_Required work:_ Once you find the line containing "Real estate property" in the data below, copy it and each following line exactly, up to and including the line containing "Mec Gas Fill", and nothing else.

_Given data:_

########################################

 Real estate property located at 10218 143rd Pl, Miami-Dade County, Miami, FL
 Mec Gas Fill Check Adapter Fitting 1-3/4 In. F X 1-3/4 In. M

########################################

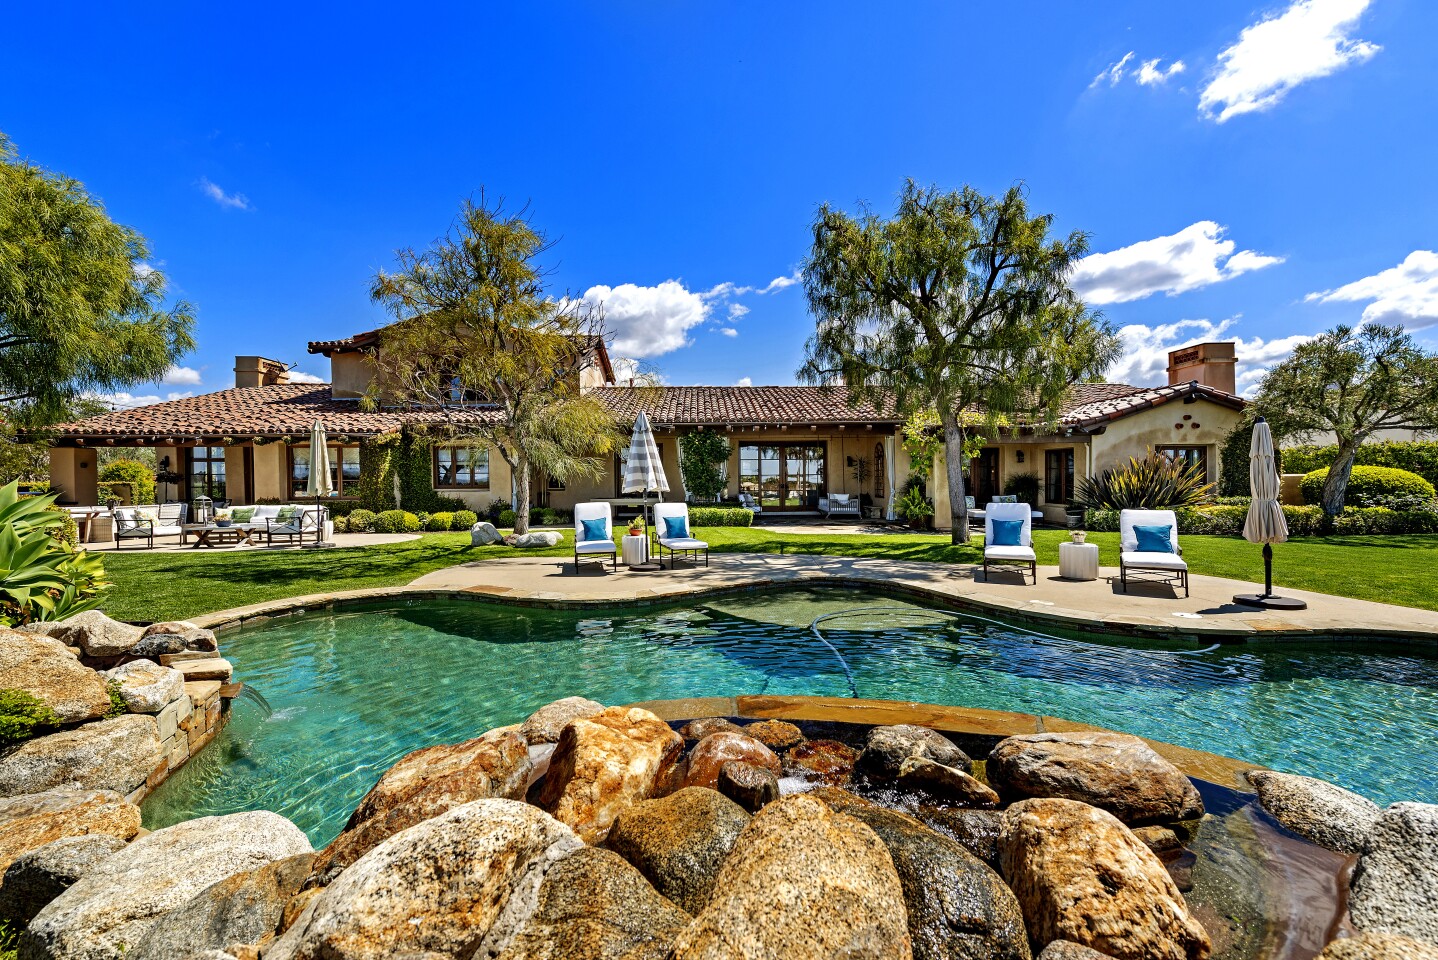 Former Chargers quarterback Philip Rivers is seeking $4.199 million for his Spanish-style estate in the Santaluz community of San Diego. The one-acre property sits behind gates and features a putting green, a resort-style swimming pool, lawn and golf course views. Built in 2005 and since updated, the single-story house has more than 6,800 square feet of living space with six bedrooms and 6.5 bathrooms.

########################################

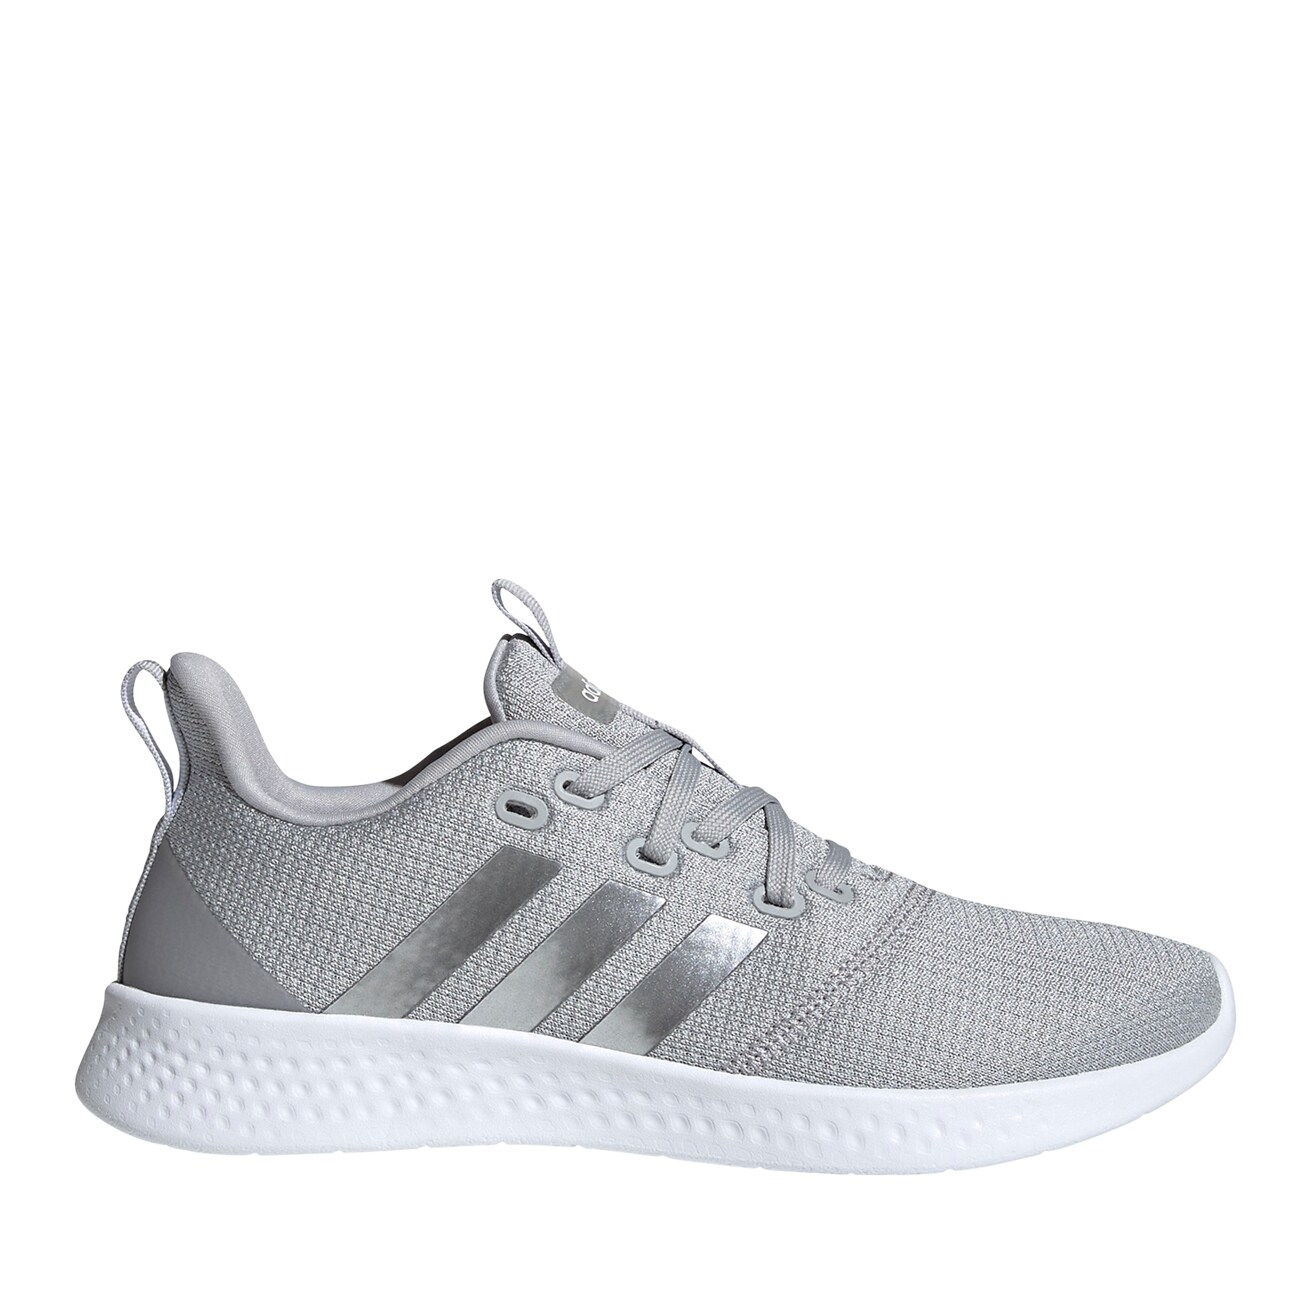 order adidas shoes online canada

########################################

_Solution for this task:_
 Real estate property located at 10218 143rd Pl, Miami-Dade County, Miami, FL
 Mec Gas Fill Check Adapter Fitting 1-3/4 In. F X 1-3/4 In. M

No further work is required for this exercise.